It seems that a debate is beginning to open up within the ‘progressive camp’ (진보진영) in South Korea on the best way to approach the upcoming presidential elections set for December. I want to try to cover this debate a bit here as it develops, so, time allowing, this will be the first of a series of posts on what the South Korean left is doing in the run up to the elections.
Although I am not a natural optimist, one thing that I have realised about South Korean politics is that things can change very rapidly in a way that is just not possible in the UK or US. When I was in Seoul last autumn and mentioned to Korean friends that is seemed as though rightwing Grand National Party hopeful Lee Myung-bak was sure to be the next president they were much more optimistic about things changing and stressed that a year is a very, very long time indeed in Korean politics.
All the talk at the moment is of the possibility of fielding some sort of left unity candidate, whose politics I assume might lie somewhere between those of the Democratic Labour Party (민노당) and Roh Moo-hyun’s now semi-defunct Uri Party (열린우리당 - which to my mind seemed to be an attempt at a sort of ’social liberal’ party). If it does manage to achieve this the South Korean left would be able to teach the French radical left a thing or two. There, the non-liberal left consistently scores around 10 percent but is fragmented across three or four parties (as it was in the recent first round of presidential elections). But of course, the really big question is, what sort of unity candidate and who will actually get on board when it comes to the crunch? This thorny problem has already caused a rather interesting disagreement between too well-known left intellectuals in Korea*: Hwang Sok-yong and Pak Noja.
On the one hand, Hwang sees the current Korean conjuncture as being a crossroads between the possibility of becoming an (democratically) ‘advanced society’ or remaining stuck within the framework of the Cold War. His key observation is thus:
Even a child knows that both the Grand National Party and the Uri Party are conservative parties, but we are not yet in the era of a [truly] progressive/reformist party (혁신정당).

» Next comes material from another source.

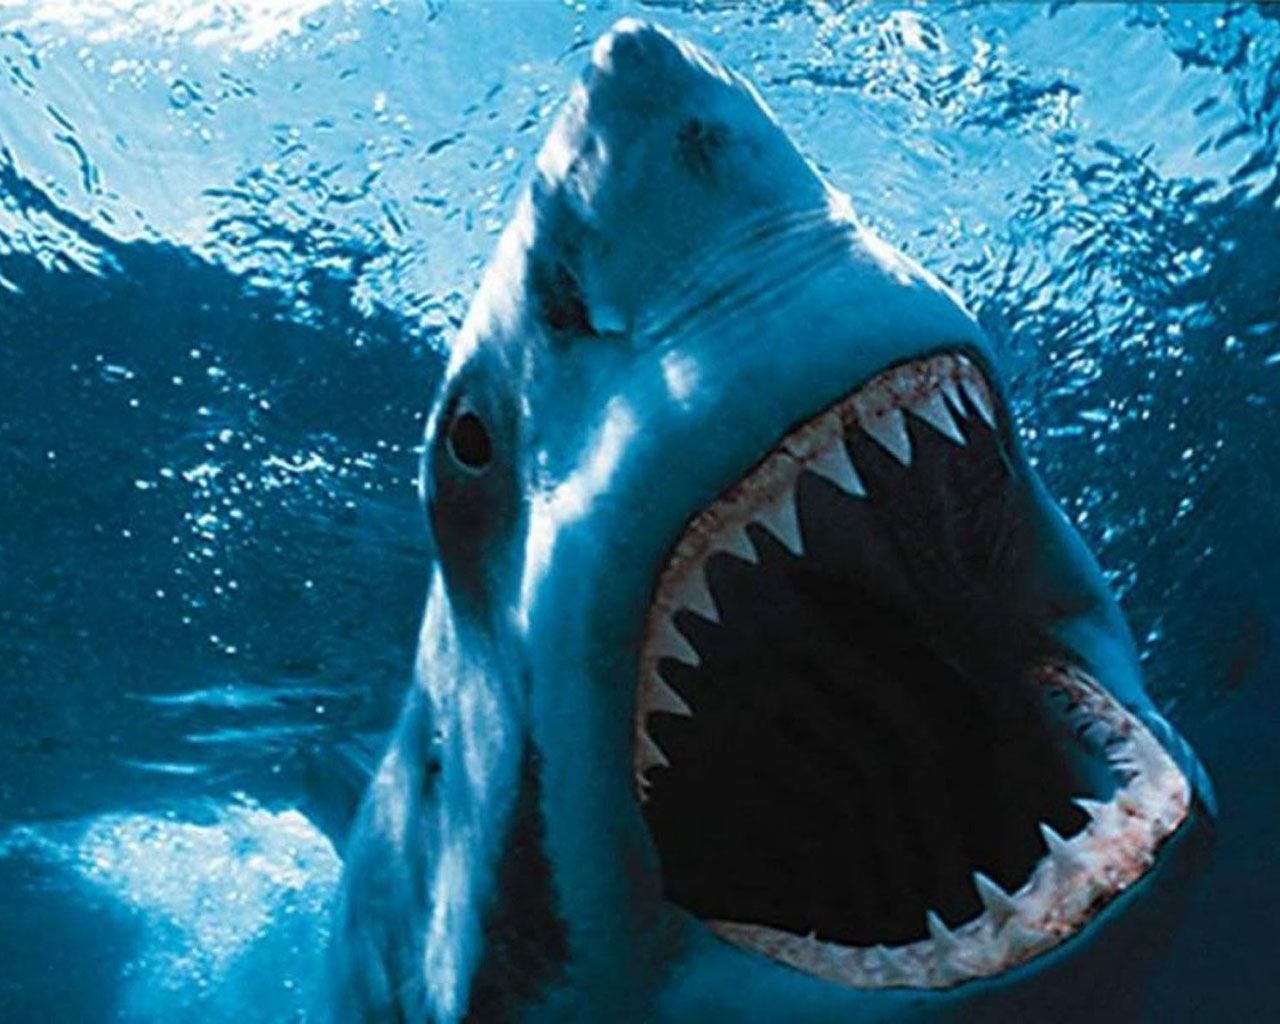 Shark Night 3D Movie 1280x1024 Wallpaper, 1280x1024 Wallpaper

And this leads him to advocate some sort of pan-progressive candidate that would unite the Uri Party (or remnants of it) and the Democratic Labour Party - basically a sort of old-fashioned popular front between the ‘progressive’ sector of the South Korean bourgeoisie and the (reformist) representatives of the workers in the form of the DLP. Hwang has even mentioned former Kyonggi Province governor Sohn Hak-kyu, who recently defected from the rightwing Grand National Party as a possible unity candidate.
Pak Noja is distinctly unimpressed by this idea, leading him to wonder what Hwang’s criteria are for something being ‘progressive’. He also points out that if the main criterion is the attitude of politicians toward reconciliation with the North then there are considerable numbers of rightwing GNP politicians who are perfectly happy to continue the current sunshine policies since they dream of turning the North into a ‘happy hunting ground’ for South Korean capital in need of cheap labour. He goes on to note the other failings of the liberals/centrists who might form the right side of any such ‘progressive’ unity coalition: their failure to get rid of the National Security Law; their jailing of trade unionists; their reliance on Chaebol money and their support for the ‘war on terror’ and more specifically Bush’s disaster in Iraq. Finally, Pak writes:
If you put your faith in ‘progress’ while ignoring class, I fear you will be disappointed once again.
* Actually both of them have spent much of their time outside of Korea in the last few years.